I literally spent hours trying to figure out how to do it, but eventually I gave up - something I almost never do with computers.  
I'll check Chaikas advice later. I never checked for this specifically with Unicode, so that could be it. Maybe that's the secret.  
There's got to be some way to do it, because accents are used in lots of Russian text books for students.

----------


## Полуношник

> *больни**́**ца*

 This is what chaika advised. Combining diacritic symbols. The accented *и**́* consists of two unicode characters: "cyrillic small leteer i" and "combining acute accent" (U+301). I am surprised that Office 2010 Starter can't handle it. You can try OpenOffice instead.

----------


## kidkboom

If anyone ever gets this working, please let us know.  The accent marks help me out in learning IMMENSELY.  And I would be a happy first customer; I'm sure I'm not the only one.

----------


## Ramil

Any unicode font has this Acute Accent character (Unicode U+0301) 
You can put a keyboard shortcut for this character in MS Word or use Insert symbol option. It's a combining diactic character that is added after any character you need.
You can also have charmap.exe (located in your Windows\System32 folder) to insert this symbol to any other application you're working with.

----------


## radomir

What I finally am doing is to copy a line with и, ы, ю, я accented to the head of every document in which I am working to avoid continuous help to other file, and I copy-paste these characters whenever I need them. I finish the work, I delete this "help-line" and voila! I can't get the no doubt more elegant solutions given here. Thanks.

----------


## Ramil

Copy the acute accent character in the clipboard and paste it after the letters you want to put accent onto.

----------


## radomir

Dear Ramil, if I do what you say I get и'  ,   я'  ,    ю' and so on.
Looking here and there I have found Kodeks where a file is announced including every font, and of course these letters accented. I have download it and really there appears a lot of letters and signs (in Unicode) but  none of these letters accented. 
Sorry.

----------


## radomir

> This is what chaika advised. Combining diacritic symbols. The accented *и**́* consists of two unicode characters: "cyrillic small leteer i" and "combining acute accent" (U+301). I am surprised that Office 2010 Starter can't handle it. You can try OpenOffice instead.
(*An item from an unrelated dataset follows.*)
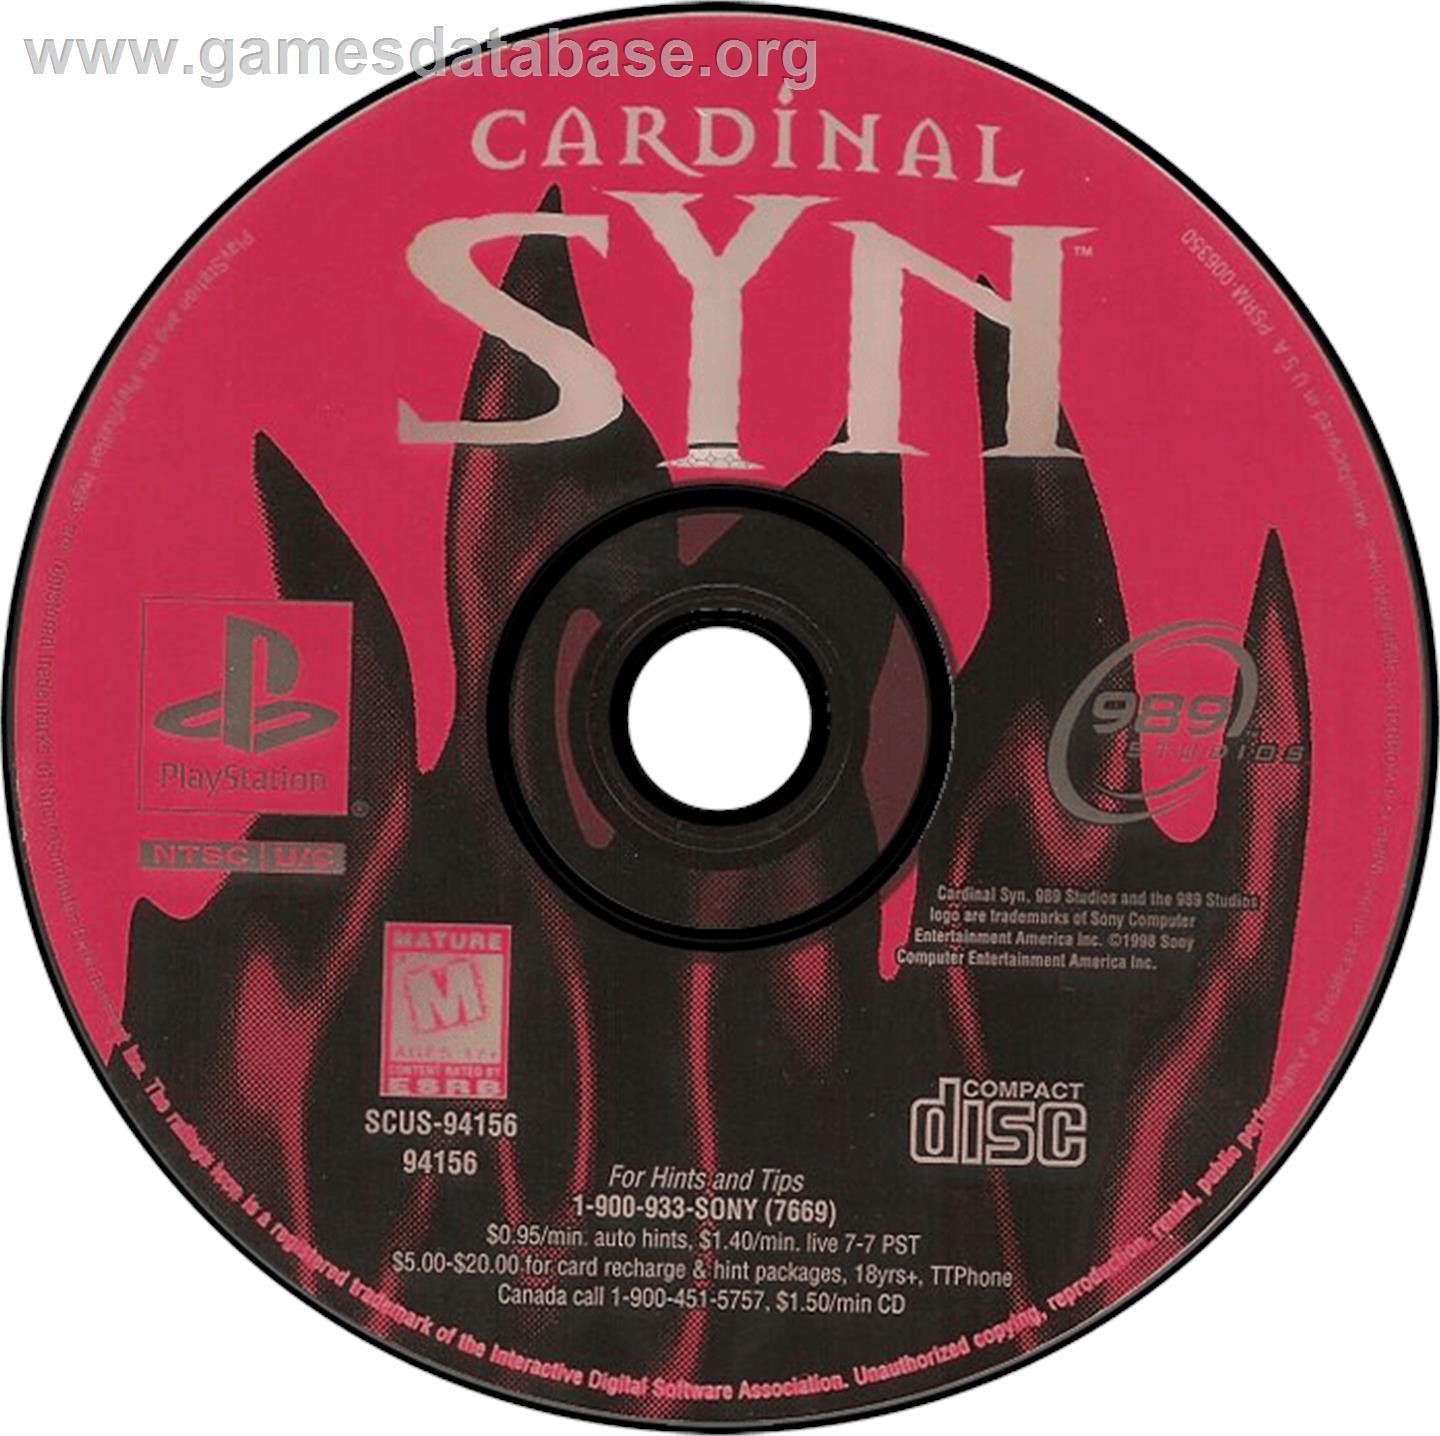 Cardinal Syn - Sony Playstation - Artwork - Disc

 No doubt I didn't understand what you have said. 
A letter is written, then one goes to "insert Symbol", chooses Unicode and types in the field 0301. I don't know if with 301 it will work the same. In any case the problem is solved. Thank you very much.

----------


## Ramil

> Dear Ramil, if I do what you say I get и'  ,   я'  ,    ю' and so on.
> Looking here and there I have found Kodeks where a file is announced including every font, and of course these letters accented. I have download it and really there appears a lot of letters and signs (in Unicode) but  none of these letters accented. 
> Sorry.

 That's strange, works as charm on my system.

----------


## radomir

In Spanish keyboards firstly accent is typed and then the letter on which it goes.  But apart from this I have tried different ways and only works this of " letter + Unicode + 0301" and that is enough for solving my problem. Thanks.

----------


## Ramil

> In Spanish keyboards firstly accent is typed and then the letter on which it goes.  But apart from this I have tried different ways and only works this of " letter + Unicode + 0301" and that is enough for solving my problem. Thanks.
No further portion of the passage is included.